— Extracted material —
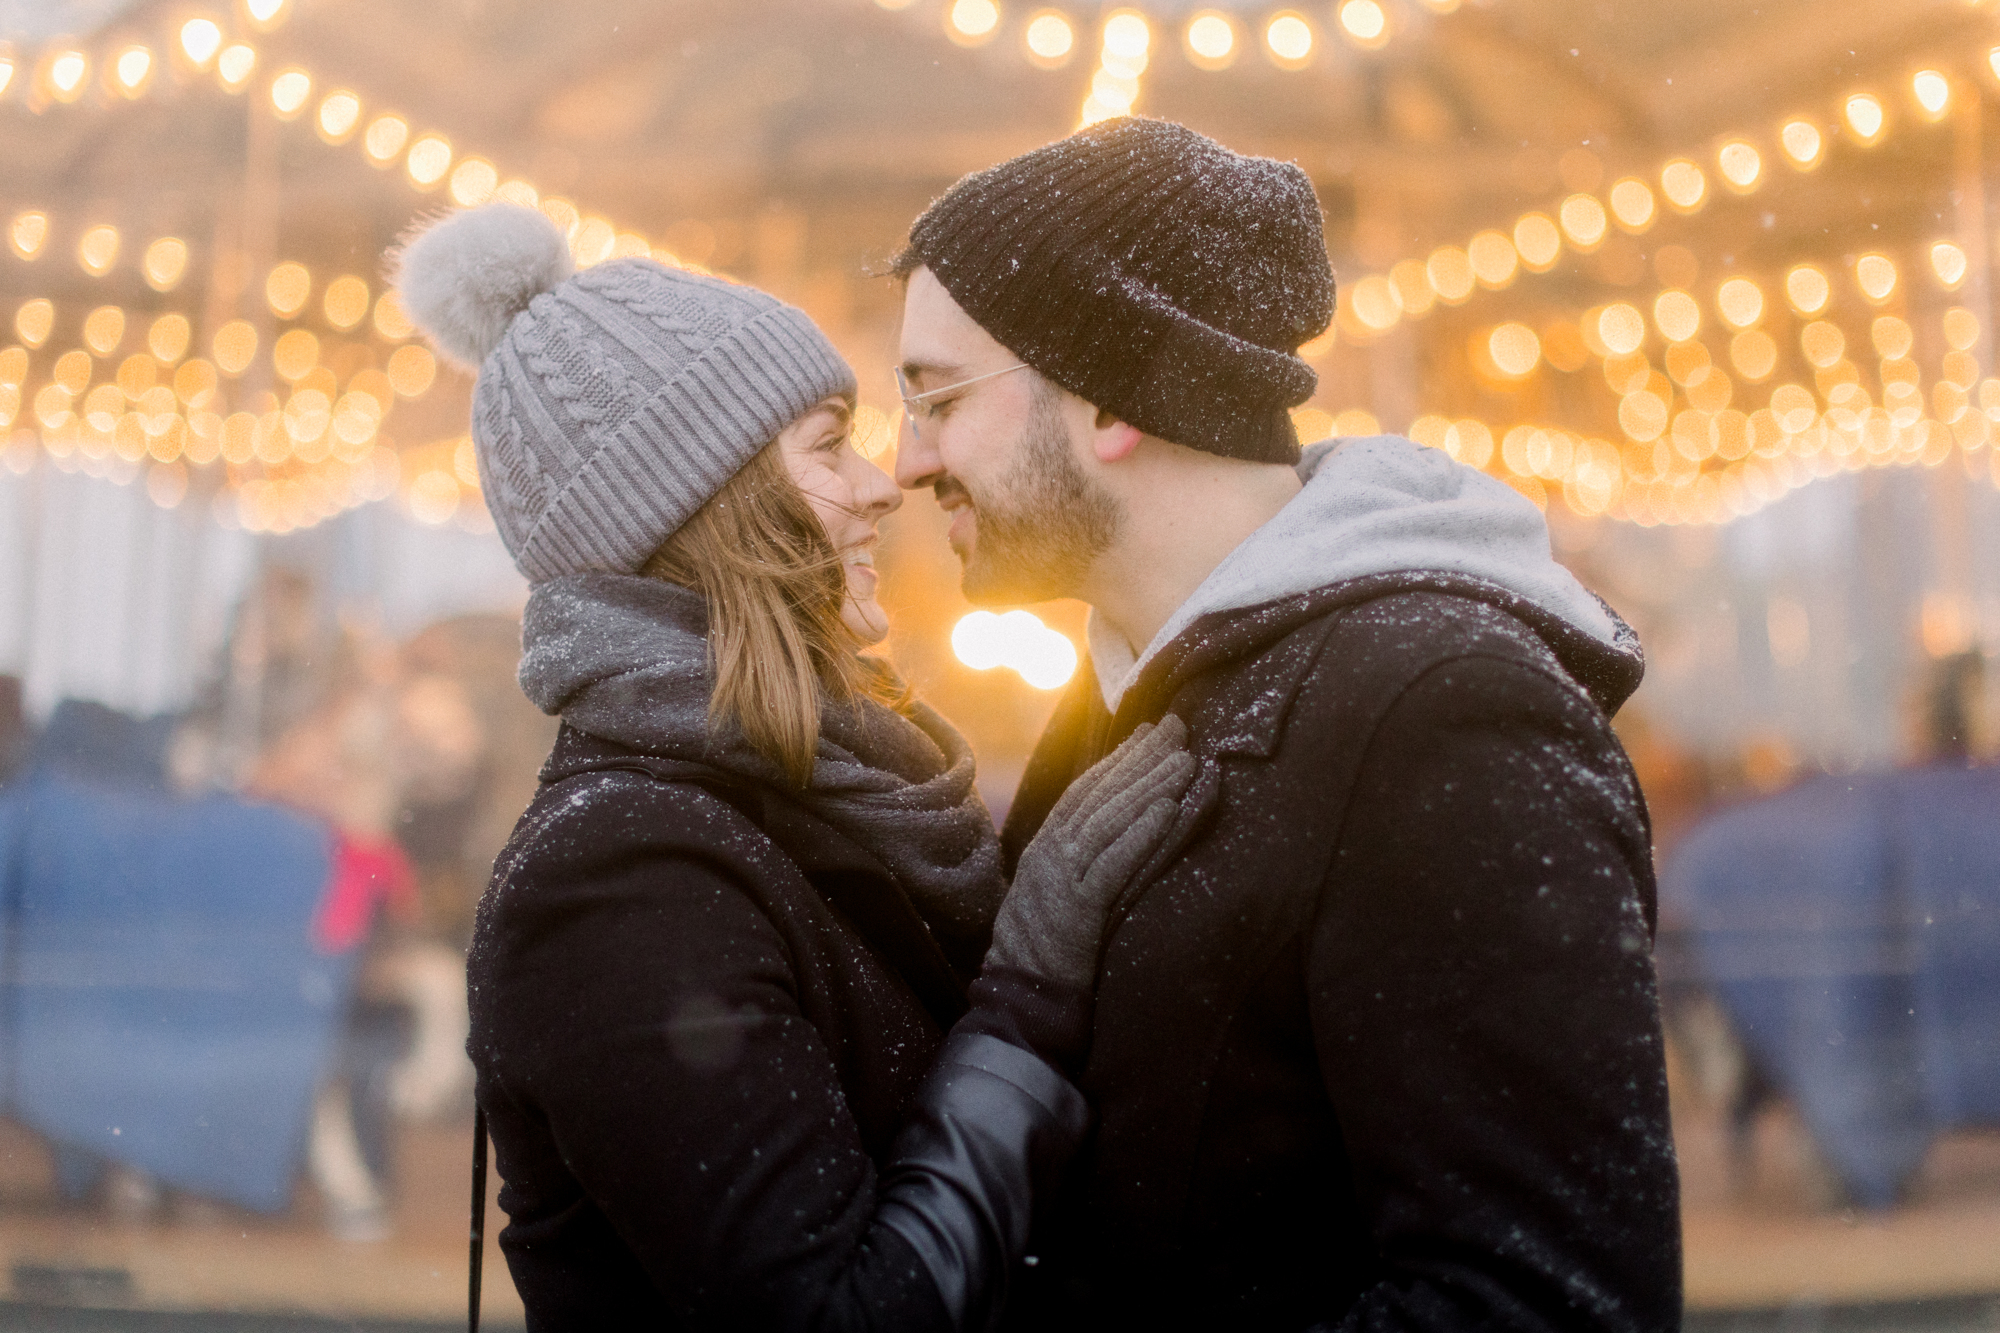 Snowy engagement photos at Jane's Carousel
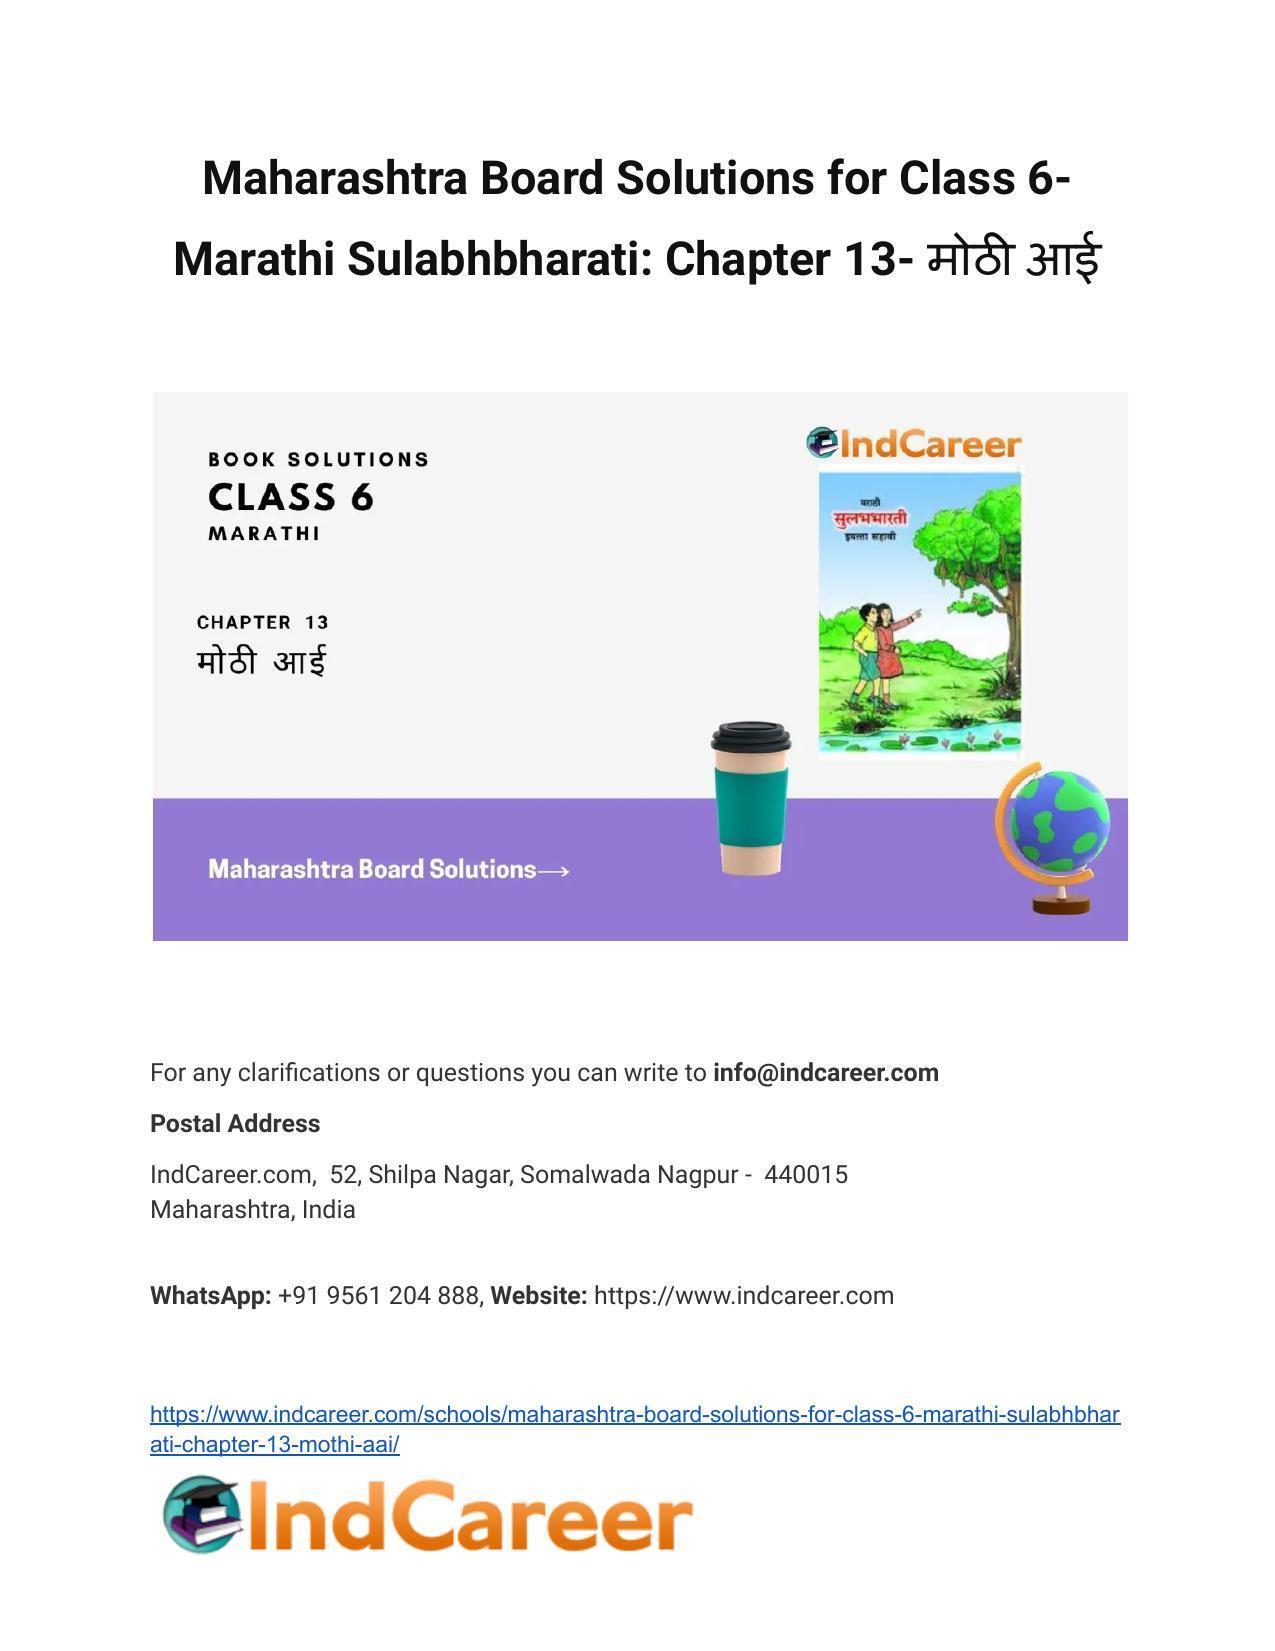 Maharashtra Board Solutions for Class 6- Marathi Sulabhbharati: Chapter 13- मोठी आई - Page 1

...

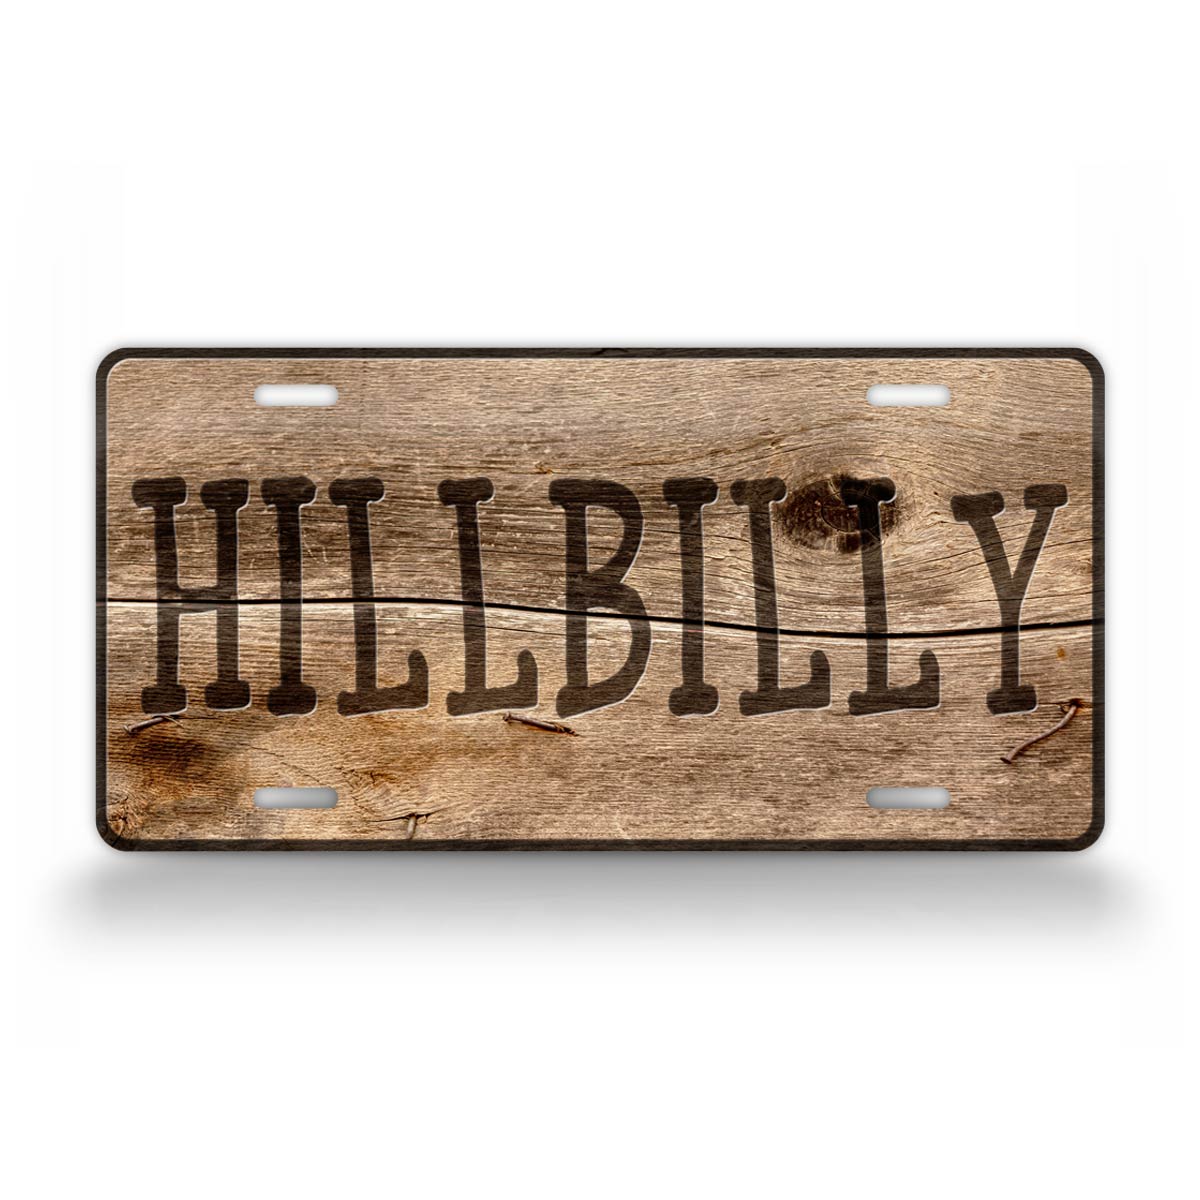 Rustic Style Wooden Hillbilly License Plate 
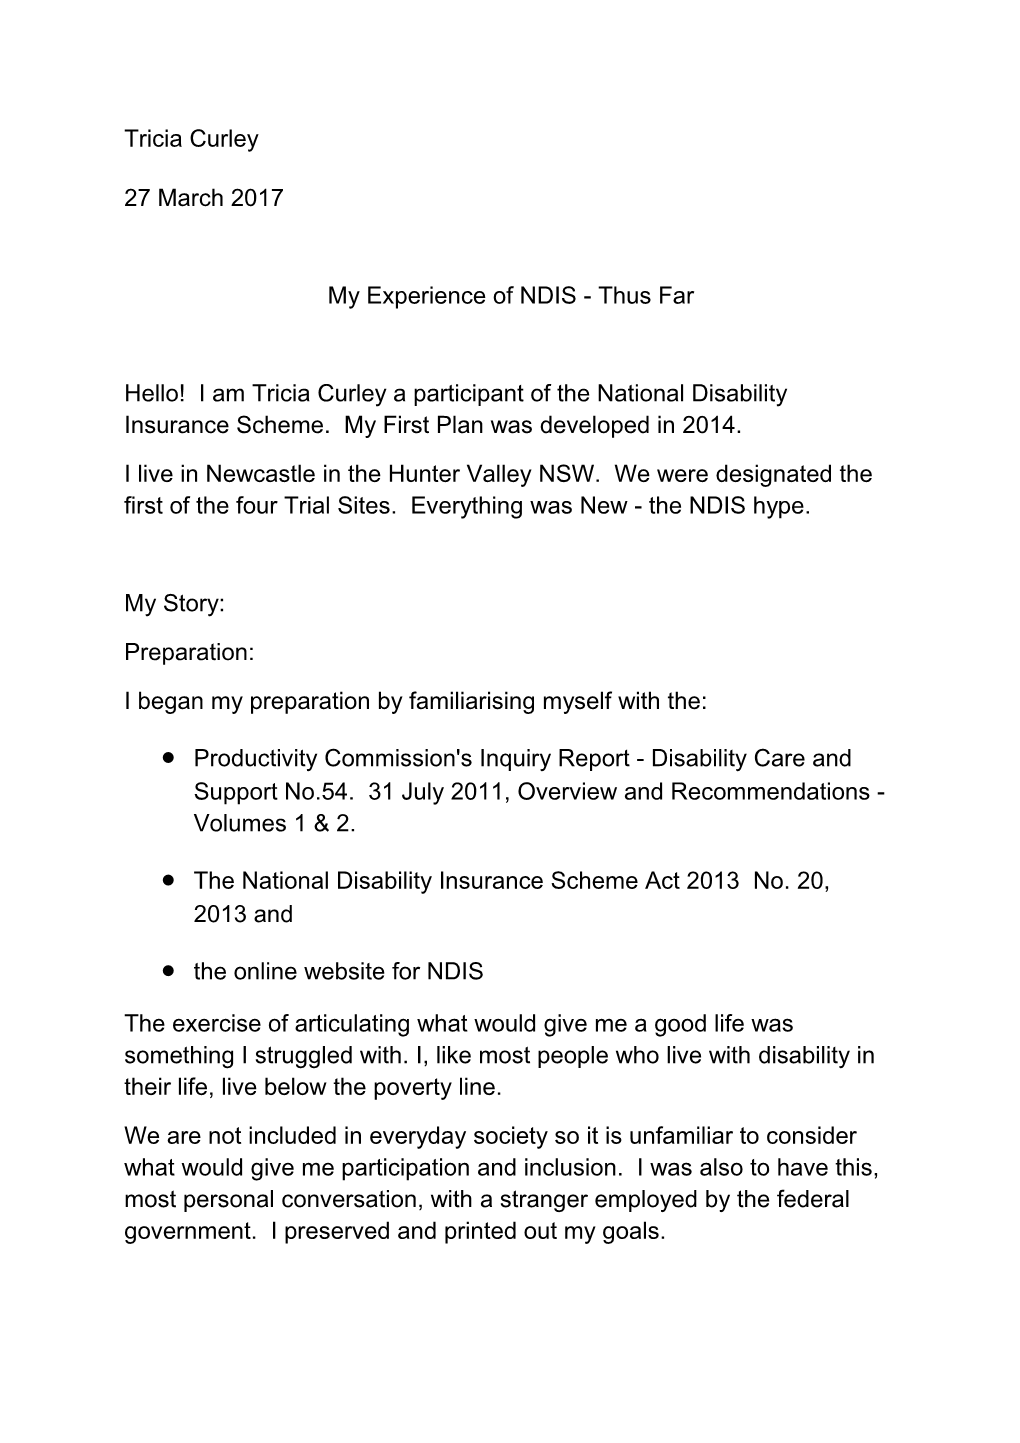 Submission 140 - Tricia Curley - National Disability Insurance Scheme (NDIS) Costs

— Action item —
Leaving out the pictures, please output the lines in the entries above from the one with "Snowy engagement photos at Jane's Carousel" through the one with "Maharashtra Board Solutions", exactly as they are.

— Expected answer —
 Snowy engagement photos at Jane's Carousel
 Maharashtra Board Solutions for Class 6- Marathi Sulabhbharati: Chapter 13- मोठी आई - Page 1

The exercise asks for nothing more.